Тут Эрнсклиф стал успокаивать старушку, выразив твердое убеждение, что виденное ими существо – какой-нибудь бедняк сумасшедший, а отнюдь не сверхъестественное видение, посланное с того света возвещать войну или иные бедствия. Но все его уверения встречены были холодно, и присутствующие хором уговаривали его не возвращаться завтра на то место.

– Ох, дитятко мое милое, – сказала старушка (по доброте души она начинала обращаться по-матерински со всяким, к кому лежало ее сердце). – Вам-то и следует беречься больше, чем всякому другому, вашему дому нанесен был тяжкий удар, пролилась кровь вашего отца, а потом начались тяжбы, судебные преследования и всякое разорение. А теперь вы один в семье цветочек расцвели, на вас вся надежда, вы должны поднять свое родовое жилище, и, коли будет на то Его святая воля, вы будете славой своего отечества и поддержкой для своих земляков. Стало быть, вам-то и не следует пускаться ни в какие рискованные предприятия, а вести себя умненько, осторожно, потому что ваша порода горячая, чересчур предприимчивая, и уж сколько от этого бед было в вашей семье!

– Но, добрый друг мой, неужели вы желали бы, чтобы я струсил пойти среди белого дня на открытое поле?

– Уж и не знаю, – отвечала добрая старуха. – Конечно, я никогда не стала бы отговаривать ни родного сына, ни доброго друга от хорошего дела, все равно, кто бы его ни затевал, и хотя бы мне самой от этого никакого проку не было; но не могу я вышибить из своей старой головы, что идти навстречу явному злу, без всякой законной причины, – грех великий и, значит, идти против Священного Писания!

Эрнсклиф перестал спорить, видя, что нет возможности никого урезонить; принесли ужин, и это обстоятельство положило конец неприятному разговору. Как раз в эту минуту явилась мисс Грейс Армстронг, и Габби, застенчиво оглянувшись на Эрнсклифа, сел за стол рядом с нею. Завязалась опять оживленная и веселая беседа, в которой старушка, хозяйка дома, приняла самое милое участие, и вскоре на щечках молодых девушек снова появился яркий румянец, совсем было покинувший их под влиянием страшного рассказа их брата о призраке. После ужина еще часок посвятили песням и танцам, и так славно развеселились, как будто на свете никогда не бывало ни бесов, ни оборотней.

 

Глава IV

 
Я мизантроп, питаю отвращенье
К людской породе; что же до тебя,
Желал бы я, чтобы ты собакой был:
Тогда б я полюбил тебя немного!
 
Шекспир. «Тимон Афинский»

На другой день, после завтрака, Эрнсклиф простился с гостеприимными хозяевами, обещая не опоздать к обеду, чтобы вместе с ними отведать дичи, доставленной на ферму из его дома. Габби как будто откланялся ему у своей двери, но потом выскользнул вон из дома и нагнал его на вершине холма.

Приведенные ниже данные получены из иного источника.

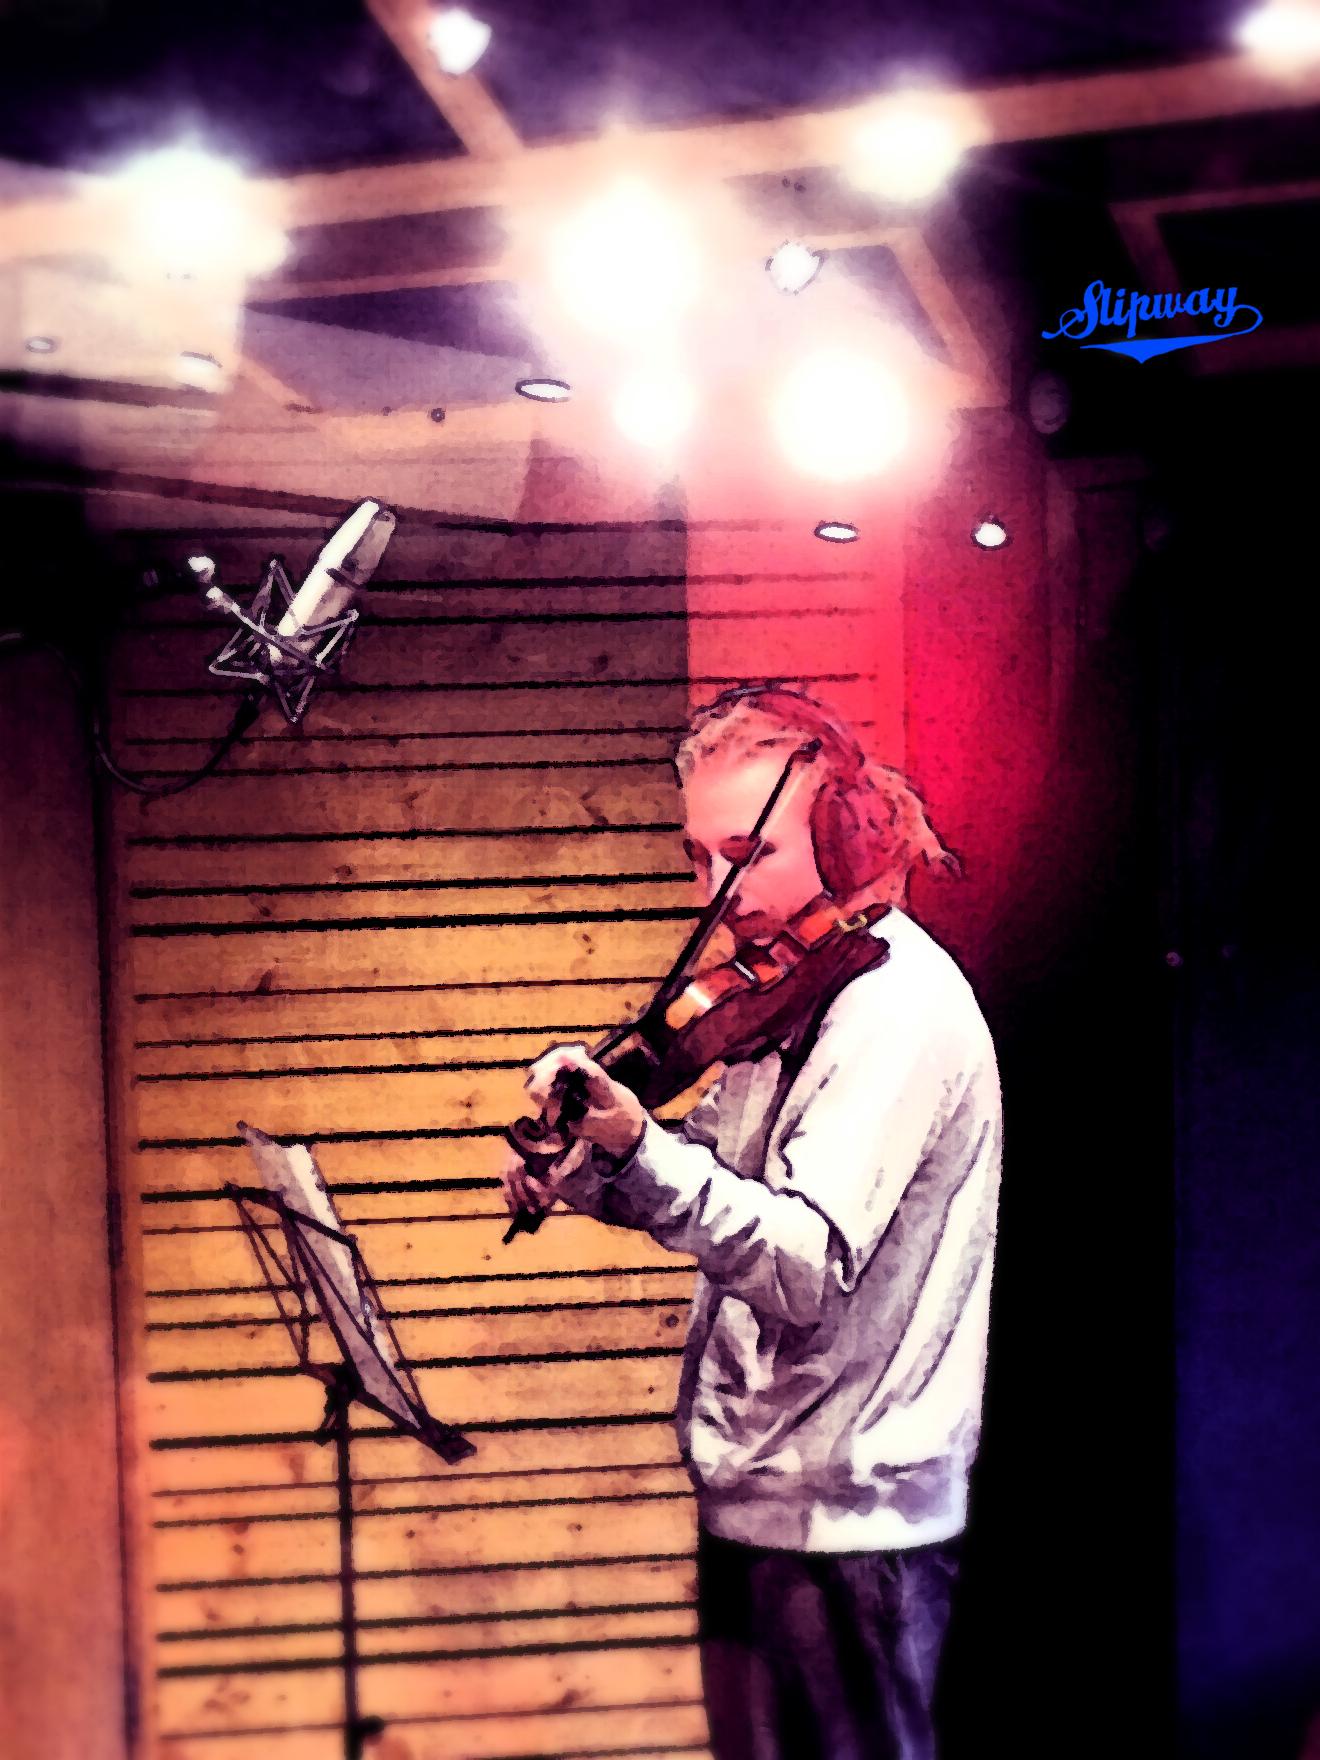 Slipway-Studio_Violin-Recording_03

– Вы, наверное, туда пойдете, мистер Патрик. Ну, чтобы там матушка ни говорила, а я от вас не отстану. Я счел за лучшее, однако, потихоньку уйти из дому, чтобы она не догадалась, куда мы с вами отправляемся, потому что огорчать ее я ни за что не хочу. Покойный отец перед смертью все об этом говорил, чтобы ни в каком случае ее не обижать.

– Еще бы, Габби, – сказал Эрнсклиф, – она стоит того, чтобы ее поберечь.

– О, коли на то пошло, ведь она и о вас стала бы убиваться почти так же, как обо мне. А как вы полагаете, в самом деле, это ничего, что мы опять сунемся туда? Собственно говоря, ведь на то наша добрая воля и ничто нас не принуждает к тому?

– Если бы я был вашего мнения, Габби, – отвечал молодой джентльмен, – я бы, может быть, и не стал мешаться в это дело; но так как я убежден, что сверхъестественных явлений не бывает или, по крайней мере, в наше время они большая редкость, мне как-то совестно отказываться от исследования этого предмета, потому что, быть может, от этого зависит жизнь или смерть бедняги помешанного.

– Ну, коли вы так думаете, то и ладно, – сказал Габби неуверенным тоном, – а что до волшебниц… то бишь, до добрых соседок – люди говорят, будто они не любят, чтобы их звали волшебницами, – прежде их встречали под вечер чуть ли не на каждой кочке, а нынче их совсем не видать. Не могу похвастать, чтобы я сам встречался с ними. Только один раз: шел я через болото да и слышу, как позади меня кто-то свистнул во мху… ни дать ни взять, как чибис… А вот батюшка мой, покойник, не раз видал, возвращаясь с ярмарки в вечернюю пору и, уж конечно, маленько выпивши, царство ему небесное.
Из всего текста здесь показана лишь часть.